Anarkali Akarsha (;born 12 July 1987,as Anarkali Janina Jayatilaka) is a Sri Lankan Film actress, model, singer, TV Host and a politician. She was crowned Miss Sri Lanka 2004 and represented Sri Lanka at the Miss World 2004 beauty pageant. She has worked as a brand ambassador & a fundraiser. She attended Colombo International School.

Film career
Her first public opportunity to act came when Somaratne Dissanayake and Renuka Balasuriya, who directed and produced the teledrama Iti Pahan in 1995, were in search of a little girl who was fluent in English. In the drama, she performed the role of "Daisy Susan" beside renowned actress Vasanthi Chathurani.

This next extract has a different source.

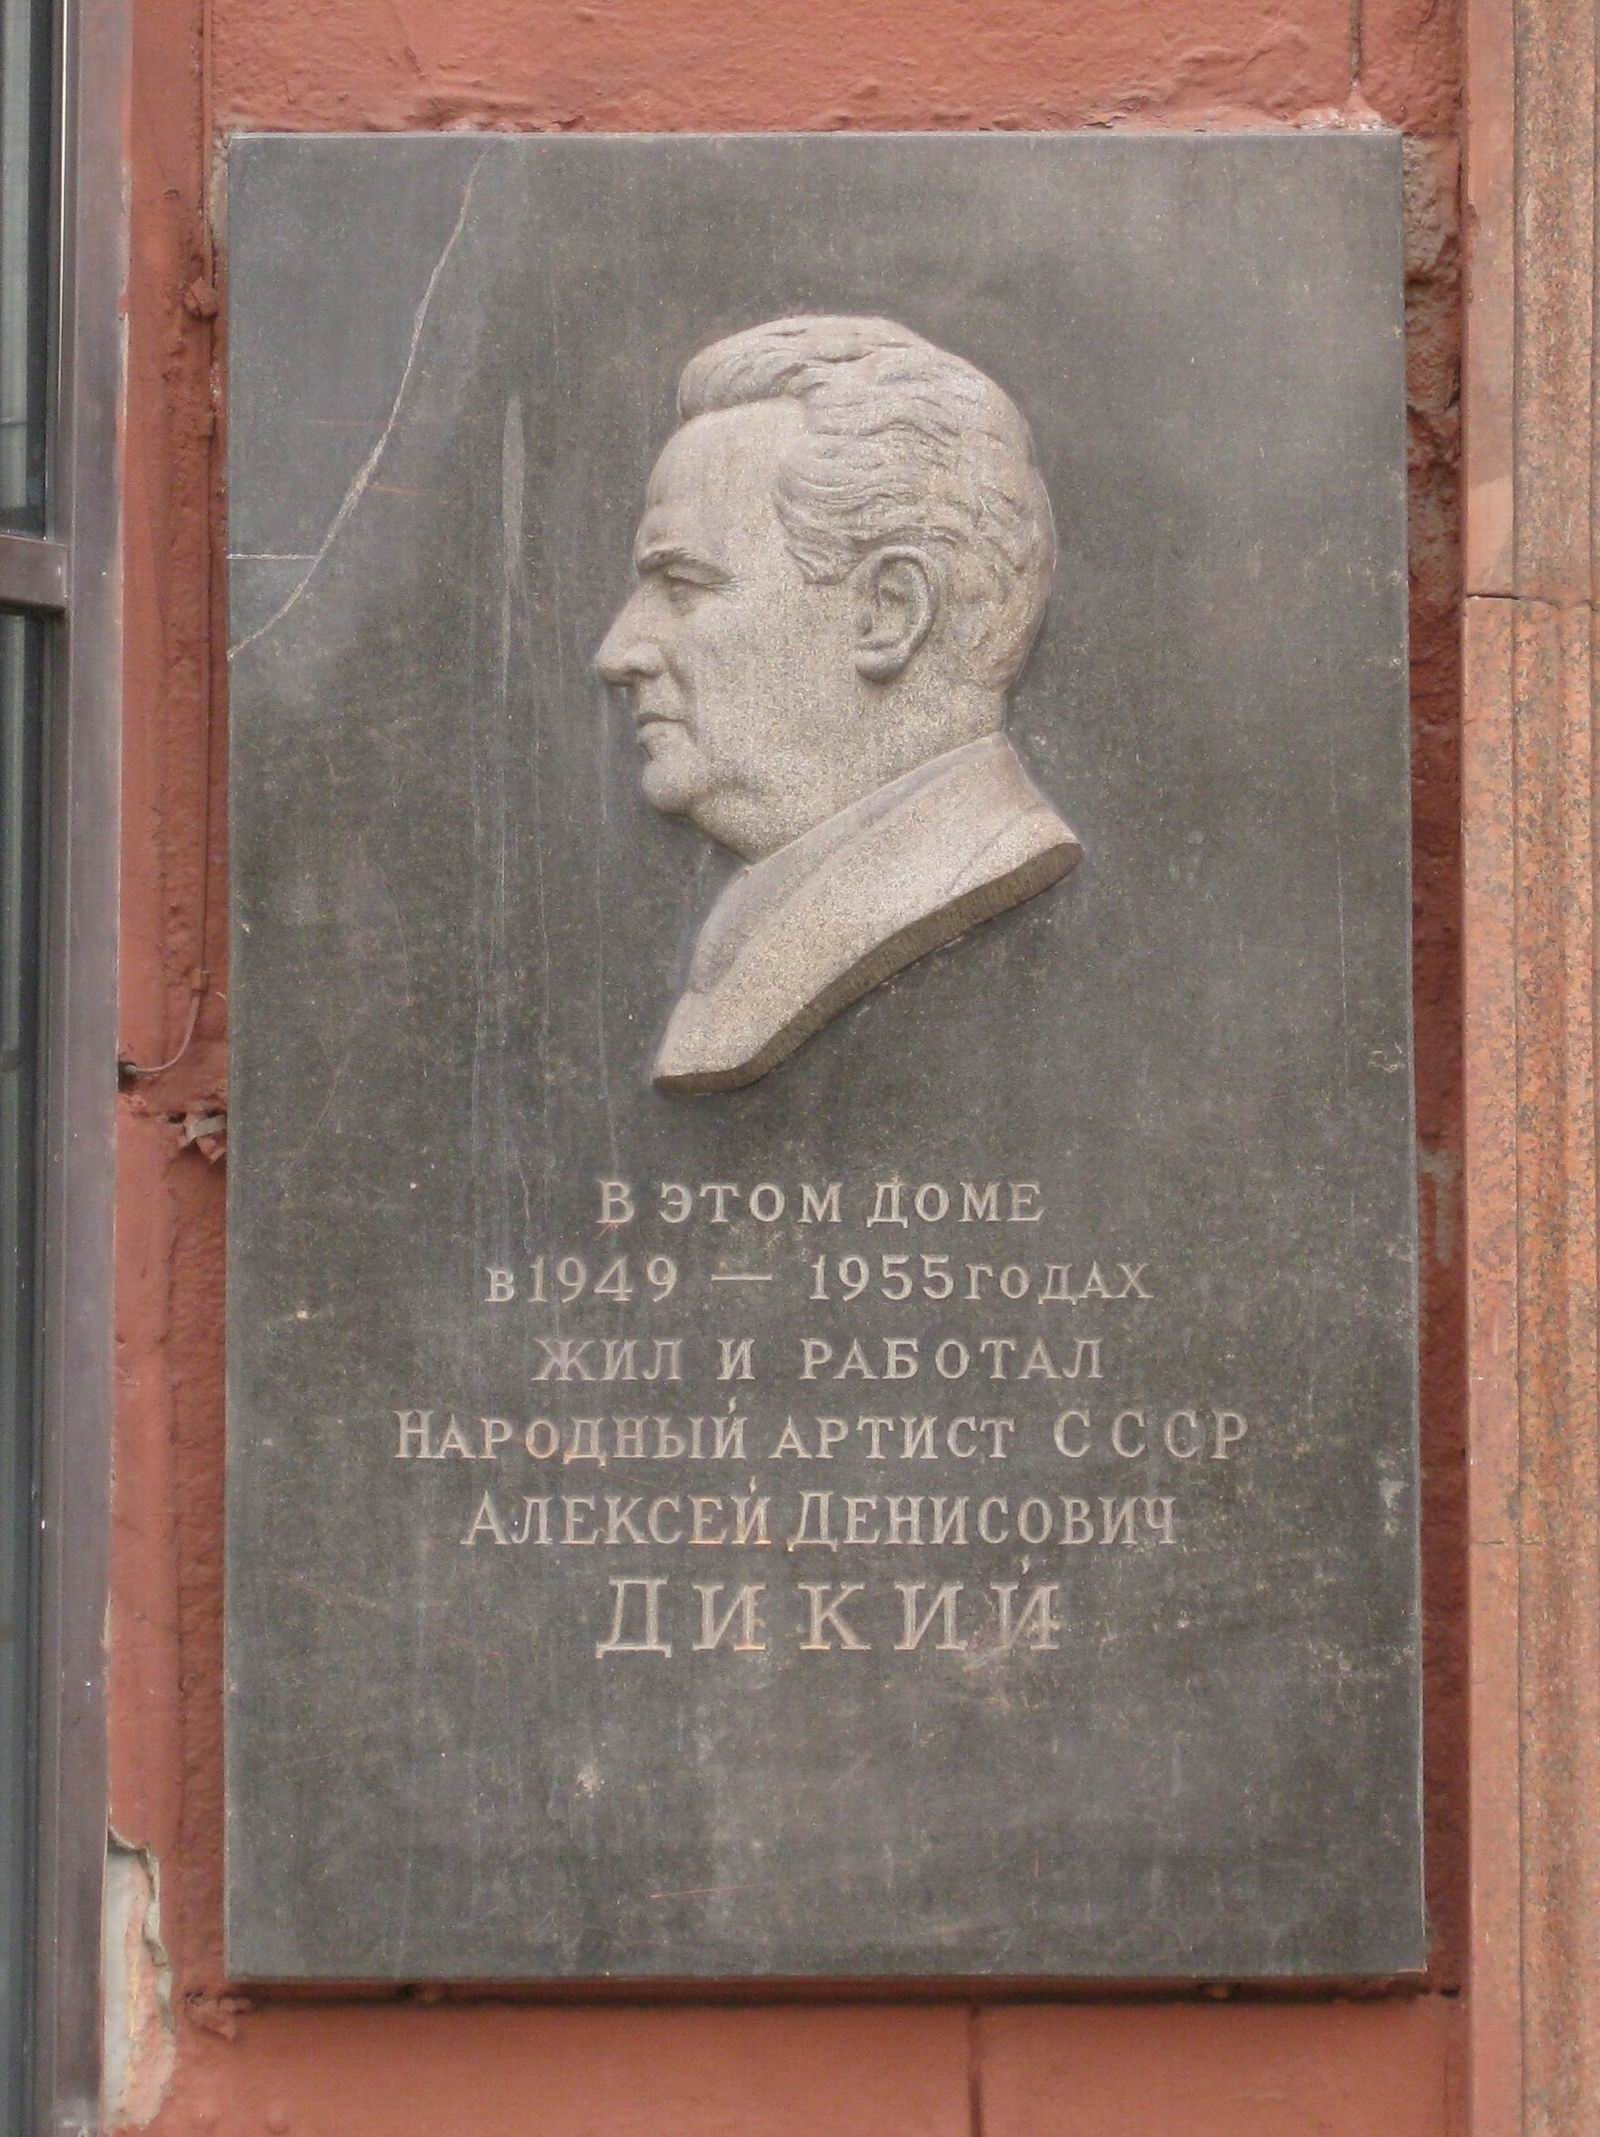 Мемориальная доска Дикому А.Д. (1889–1955), ск. Д.Д.Стреляев, на Тверской улице, дом 19 (со стороны Большой Бронной), открыта 13.7.1957.

After a nearly seven-year hiatus, she returned to acting in 2003 when, at 15, she was cast in a lead role in Pissu Trible. Subsequently, she performed in several successful movies, and received acclaim in teledrama performances with her roles as "Inoka" in Sihinayak Paata Paatin and 'Tanya' in Santhuwaranaya.

She is the youngest actress to date in the history of Sri Lankan Cinema to win the most popular actress award. She has acted as the leading lady in more than 22 movies and 10 teledramas. She also works as a model, brand ambassador and a presenter.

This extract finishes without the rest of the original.